A capability-based operating layer for long-running autonomous software engineering agents.

Covenant architecture: clients reach covenantd over CLI / IPC / HTTP / MCP / A2A; the daemon dispatches through eight primitives over a cross-cutting audit layer running on an unprivileged Linux/macOS host.

Covenant sits below agent applications and above the host operating system. It owns the state, authority, and accountability concerns that recur across agent frameworks — scoped capabilities, durable memory, runtime isolation, append-only audit, and commit-scoped provenance — so individual frameworks can stop reinventing them.

Status. Local control plane is real and live-tested (19 Rust crates, ~62k lines, 848 tests including 107 live boundary tests). Production-grade sandboxing for hostile agent code, networked multi-peer operation, and on-chain settlement are roadmap. See BUILT.md for the explicit honesty boundary.

Quick start

Build the daemon and CLI, register the sample agent, and dispatch an intent:

git clone https://github.com/open-covenant/covenant && cd covenant
cd agent-os && cargo build --workspace --exclude covenant-settlement-program

# Register the example agent (daemon loads $COVENANT_HOME/agents/ at startup)
mkdir -p ~/.covenant/agents
cp -R ../examples/hello-agent ~/.covenant/agents/hello

# In one terminal — start the daemon
./target/debug/covenantd

# In another — dispatch an intent
./target/debug/covenant intent "say hello"

The intent is routed by covenantd, dispatched against a scoped capability, and recorded as an IntentDispatched audit row with a hash-chained sidecar entry. See examples/hello-agent for the full walkthrough and docs/demo.md for a transcript of the primitives in action.

Why Covenant

Software agents are moving from interactive assistance toward long-running engineering work. That shift changes the infrastructure problem. Agents need durable context, explicit authority, reliable tool access, recovery after interruption, and a record of what happened.

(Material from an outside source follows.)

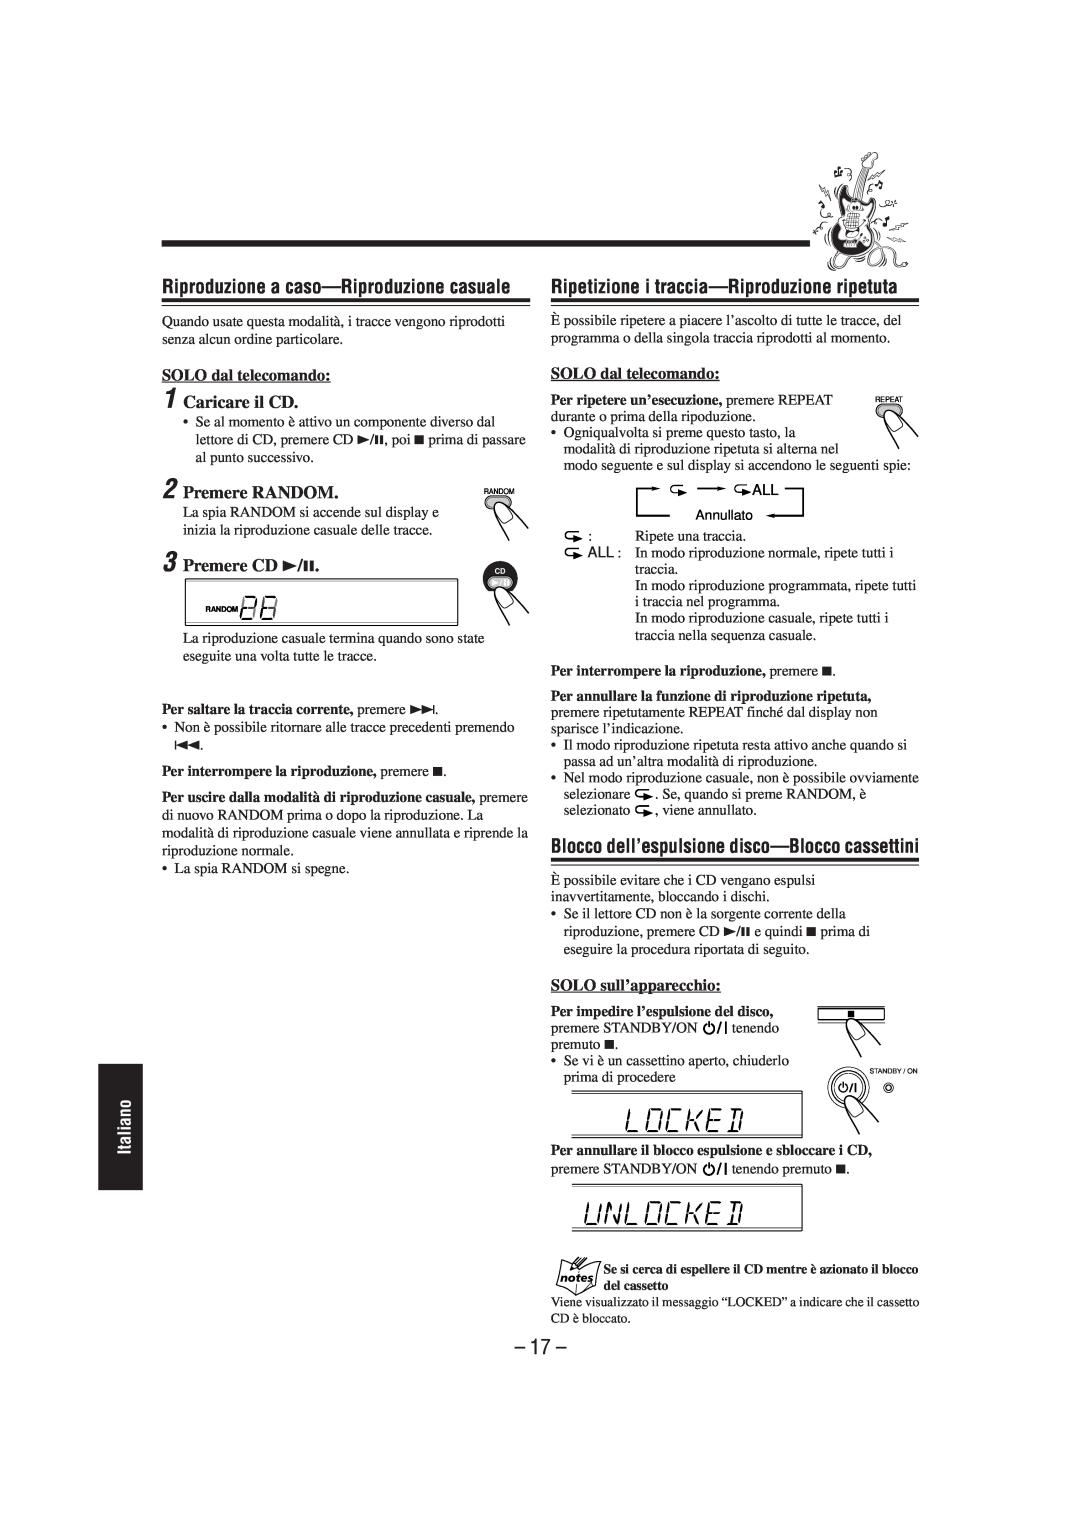 JVC CA-UXL40R manual Riproduzione a caso—Riproduzionecasuale, Blocco dell’espulsione disco—Bloccocassettini, Premere RANDOM 
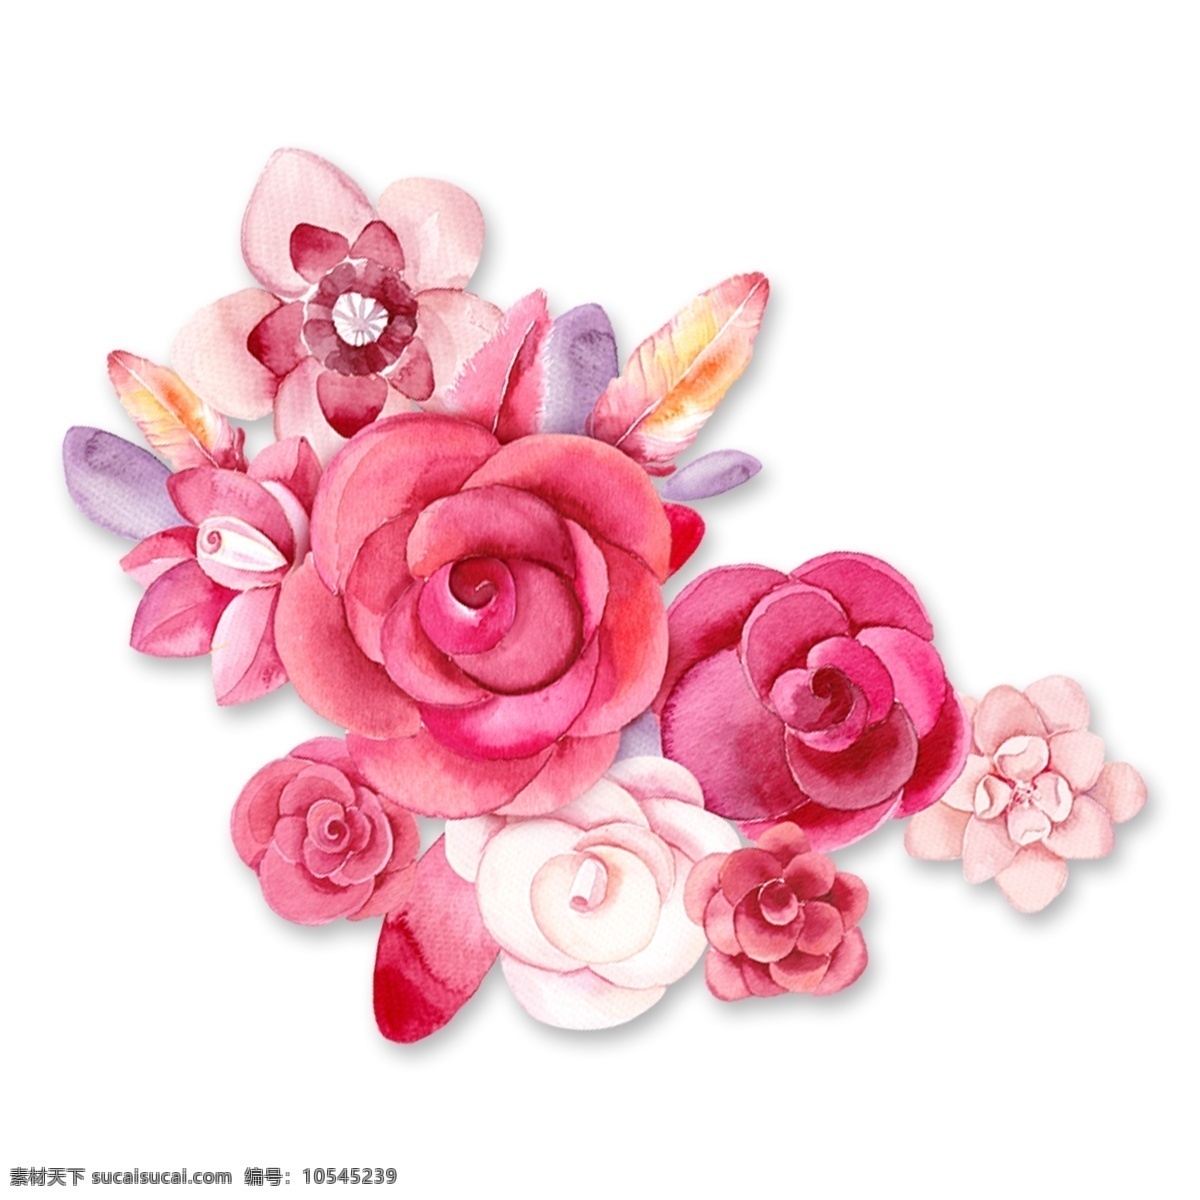 手绘 玫瑰 花卉 植物 叶子 水彩 透明素材 玫瑰花卉 免 扣

Conventional developer environments assume a human operator is present at every step. Blockchain systems assume verifiable state transitions, explicit authority, and durable coordination across independent actors. Covenant brings those assumptions into agent infrastructure:

  • Governance: intents, manifests, scoped permissions, review gates, and policy-aware dispatch.
  • Continuity: persistent memory, resumable task state, repair workflows, and structured handoff.
  • Accountability: append-only audit logs, integrity reports, signed actions, and commit-scoped provenance.
  • Interoperability: native tools, MCP integration, A2A messaging, local gateway APIs, and protocol adapters.
  • Execution: daemon-mediated runtime dispatch with timeout enforcement and sandbox-aware agent manifests.
  • Settlement: local receipts and protocol scaffolding for accountable resource use and agent coordination economics.

Architecture

The system center is covenantd, a Rust daemon that owns local state and mediates privileged operations through IPC, an HTTP gateway, signed capabilities, audit logs, memory stores, and runtime dispatch.

# Primitive Role
1 Intent Normalized request shapes for CLI, IPC, HTTP, routing, and daemon dispatch.
2 Runtime Agent execution with timeout enforcement, manifest contracts, trusted-local subprocesses, and opt-in Linux gVisor runner support.
3 Memory SQLite-backed working, episodic, and long-term records with embedding hooks, ignore rules, drift reports, repair, and bounded compaction.
4 Identity Local ed25519 identity, peer registry, operator tokens, token rotation, and peer revocation.
5 Permissions Signed capabilities with known-scope validation, dispatch-time enforcement, expiry, and revocation tombstones.
6 Comms IPC frames, local HTTP gateway, MCP adapter, and A2A mailbox primitives.
7 Compositor Next.js web console (agent-os/covenant-web) and public landing/docs surface; richer TUI deferred to Phase 4.
8 Settlement Local resource receipts and protocol scaffolding for agent coordination economics.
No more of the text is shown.